Tuesday, 12 April 2011

"There is a set of Fs" implies only logical truths

Nominalists and anti-nominalists disagree about whether there are, for example, sets of things, where the things in question may be "concrete". The sentence "there is a set of chairs" is an example of a mixed mathematical claim. It uses the (presumably) non-mathematical predicate "x is a chair" as the defining formula $\varphi(x)$ in an instance of the Comprehension Scheme:
  • $\exists y \forall x(x\in y \leftrightarrow \varphi(x))$
The sentence "there is a set of chairs" cannot be true if there are no sets. So, a nominalist will conclude that instances of comprehension are not true. Even so, the nominalist, like everyone else, will want to employ such sentences in their reasoning. How is this justified? Hartry Field (1980: Science Without Numbers) argued that the justification of the use of such (believed-to-be-untrue) sentences in reasoning involves their conservativeness. Unrestricted comprehension is, of course, inconsistent. For replacing $\varphi(x)$ with $x \notin x$ yields:
  • $\exists y \forall x(x\in y \leftrightarrow x \notin x)$
which is inconsistent. (Russell's Paradox.) However, there are restricted classes of instances of comprehension which are consistent. In particular, the class of instances of comprehension where $\varphi(x)$ contains non-mathematical vocabulary. Suppose that we call sentences containing only "concrete" predicates nom-sentences; call instances of the Comprehension Scheme using only nom-formulas comp-axioms. The simplest relevant conservativeness result says:
  • If there is a derivation of a nom-sentence $B$ from a comp-axiom, there is also a derivation of $B$ from logic.
Unfortunately, the literature on this topic is quite difficult, and there are a number of different results and a number of different kinds of proofs.
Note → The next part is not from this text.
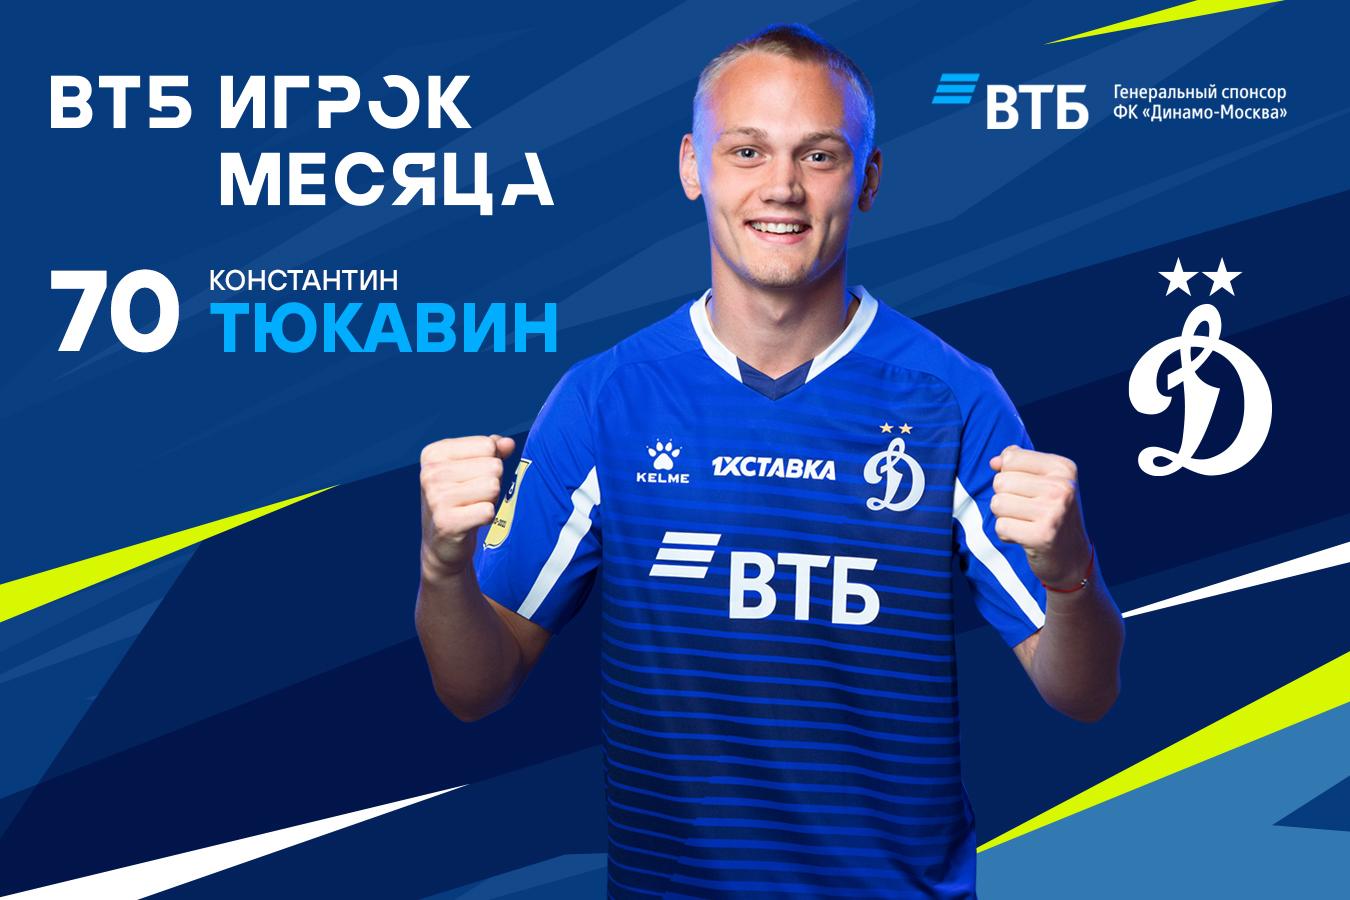 мвк динамо москва официальный сайт клуба

Here is the simplest proof of the simplest kind of conservativeness result which will give a flavour of why comprehension axioms are conservative. We consider the simplest scenario: the nom-language $\mathcal{L}$ is a first-order language (with identity) and has only a single unary concrete predicate $Fx$ and we consider the simplest comp-axiom, $\exists y \forall x(Rxy \leftrightarrow Fx)$, where we write $Rxy$ to mean "x is an element of y". The conservativeness result now is: for any $\mathcal{L}$-sentence $B$,
  • $ \text{If } \exists y \forall x(Rxy \leftrightarrow Fx) \vdash B \text{ then } \vdash B$.
Here is a proof which shows how to convert a derivation of $B$ from $\exists y \forall x(Rxy \leftrightarrow Fx)$ to a derivation of $B$ entirely in logic. I will assume a Hilbert-style deductive system with linear derivations, some bunch of axiom schemes and the single rule Modus Ponens.
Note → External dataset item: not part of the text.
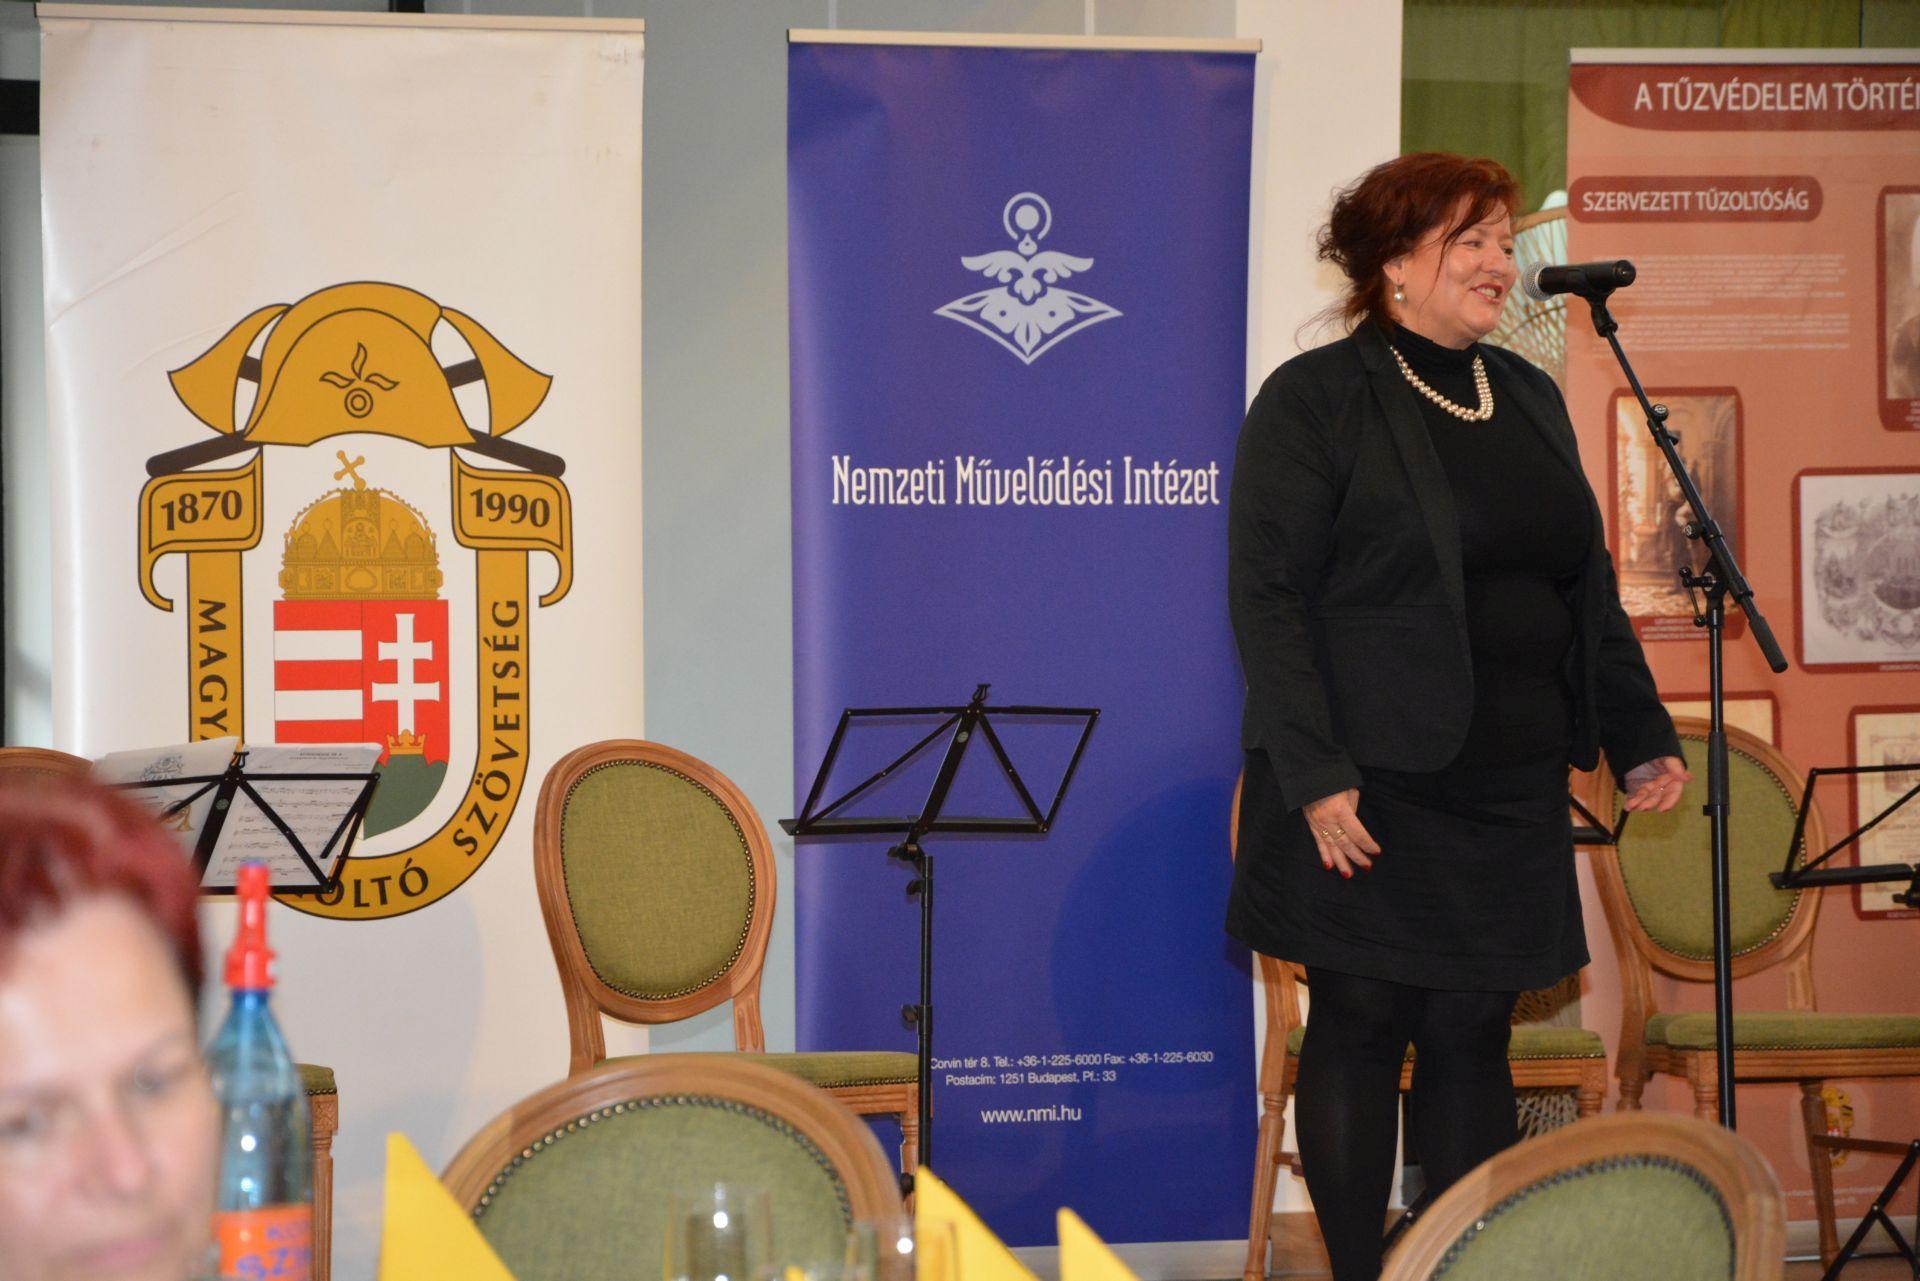 Török Károlyné, a Nemzeti Művelődési Intézet Szakmai Mintaprogram Központ vezetője

First, note that, in general, if $\exists y \varphi(y) \vdash B$, then $\varphi(y/c) \vdash B$ (where $c$ is a new constant: it is skolem constant). So, it will be sufficient to show that we can do this given a derivation $(P_0, P_1, ..., P_n)$ of $B$ from $\forall x(Rxc \leftrightarrow Fx)$. Let $\mathcal{L}(c)$ be the result of extending $\mathcal{L}$ with the new constant $c$. The main idea of the proof is that the assumption $\forall x(Rxc \leftrightarrow Fx)$ looks just like a "definition" of $Rxc$. So, the plan is to consider each formula $P_i$ in the derivation, and replace any occurrence of $Rt_1t_2$ in $P_i$ by $Ft_1 \wedge t_2 = c$ (where $t_1, t_2$ are terms). This replacement therefore eliminates the symbol $R$ (i.e., the membership predicate). Let $(P_i)^{\circ}$ be the result of making this replacement.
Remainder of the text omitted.